Shareholders' agreements are extremely common in the UAE and have been for some time. This is due in part to a long-standing requirement under the Commercial Companies Law of the United Arab Emirates (Federal Law No. 8 of 1984, as amended) (the "Companies Law") stipulating that every limited incorporated within the UAE must have one or more national shareholders whose share in the company's share capital must not be less than 51%. In other words foreign parties are limited to 49% ownership in UAE companies, subject to some exceptions made for ownership by nationals of the Gulf Cooperation Council (GCC) states.
Accordingly into entering shareholders' agreements between foreign investors and their UAE partners is one way protect the (minority) interests of those foreign investors in UAE companies.
Where the company in question is owned entirely by UAE or qualified GCC nationals there may be a less of an impetus for a shareholders' agreement to be put in place. However these agreements are increasingly being accepted as necessary in any event as part of good commercial practice.
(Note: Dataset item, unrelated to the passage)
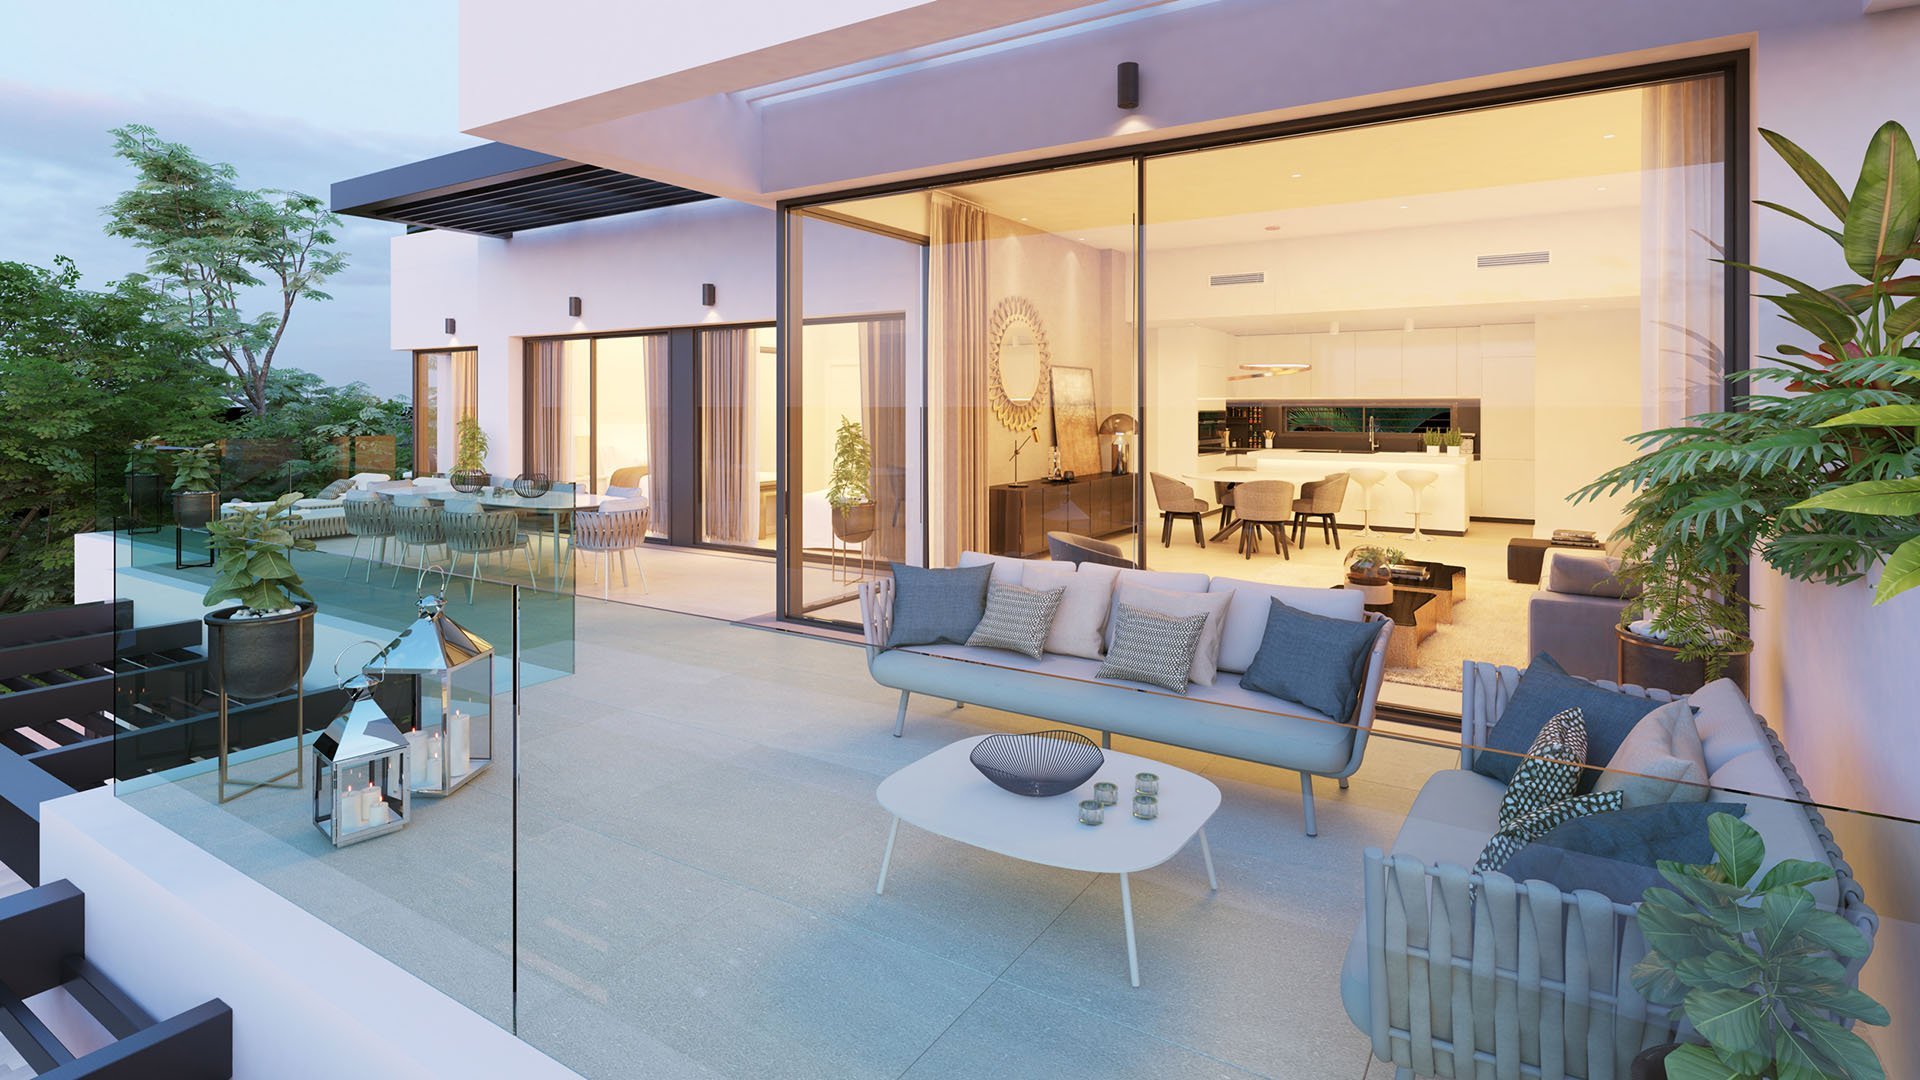 Aqualina: Exclusive apartments with panoramic sea views in Benahavís

There are no formal requirements for shareholders' agreements in the UAE. Contracts concluded in written or oral form and even by telephone are given equal recognition by the Civil Code (Federal Law No. 5 of 1985, as amended). Commercial practice however is to have a written shareholders' agreement signed by the parties.
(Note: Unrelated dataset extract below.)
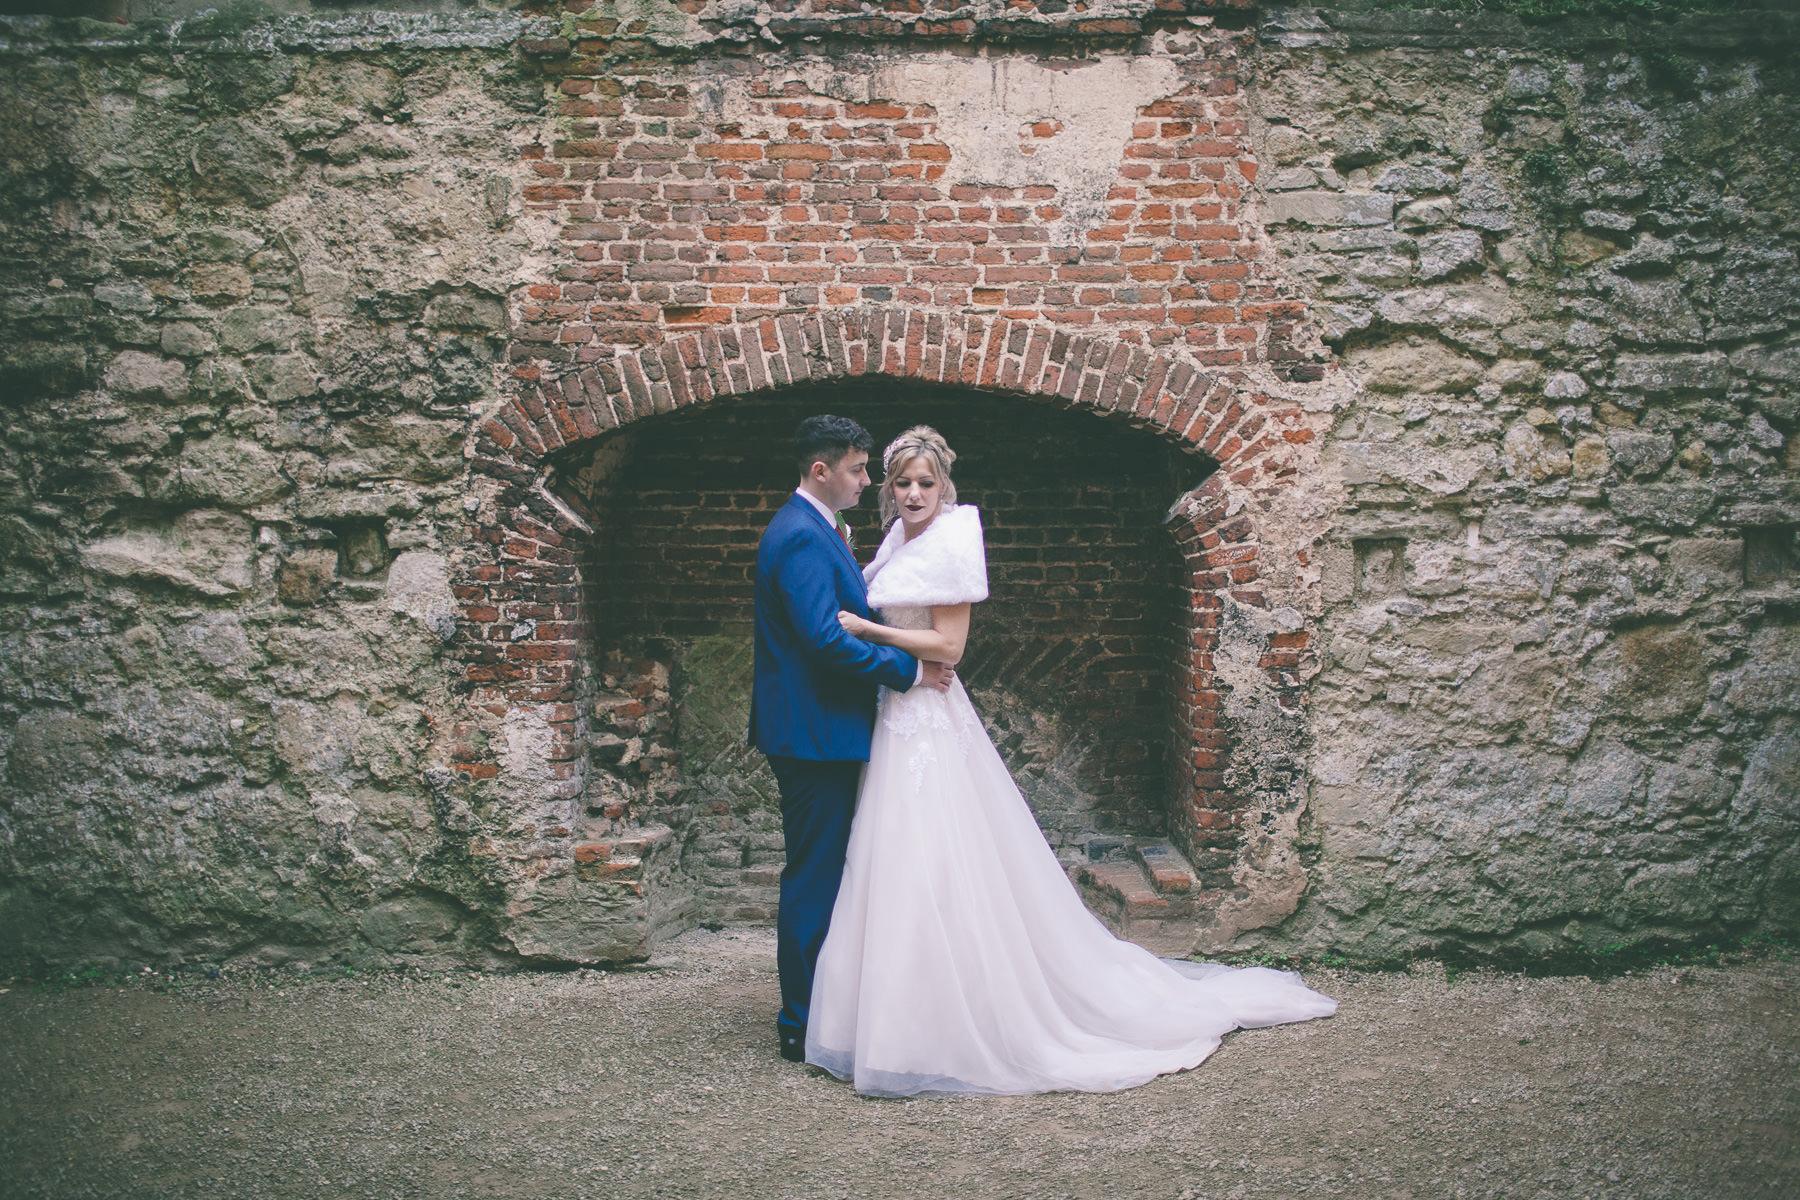 Titchfield-abbey-fareham-registry-wedding-photography-Jessica-and-Lance-web-112

It is important to note that there are important formal requirements stipulated under the Companies Law for the Memorandum and Articles of Association ("Memorandum") of each LLC and for any subsequent Schedule of Amendments to the Memorandum, altering its terms. These documents – which are themselves contracts among the stakeholders - will often be drafted to conform their terms to substantive matters provided for under a shareholders' agreement or to include key aspects of such agreements. The Memorandum or any amendments must follow strict the form requirements of the Companies Law, must be executed by the parties before a notary Public and must be properly filed with the Department of Economic Development or similar authority in the Emirate in which the company is formed.
Limits on Term
There is no limit on the term of the shareholders' agreement itself; it is simply a matter of contract. However the Companies Law does require the Memorandum of a limited liability company to stipulate an expiry date for the company (Article 224). The Memorandum of such companies may state varying terms for the existence of the company – ranges of between 5 to 50 years are not unusual. The Memorandum may also stipulate rights of renewal for the stipulated terms.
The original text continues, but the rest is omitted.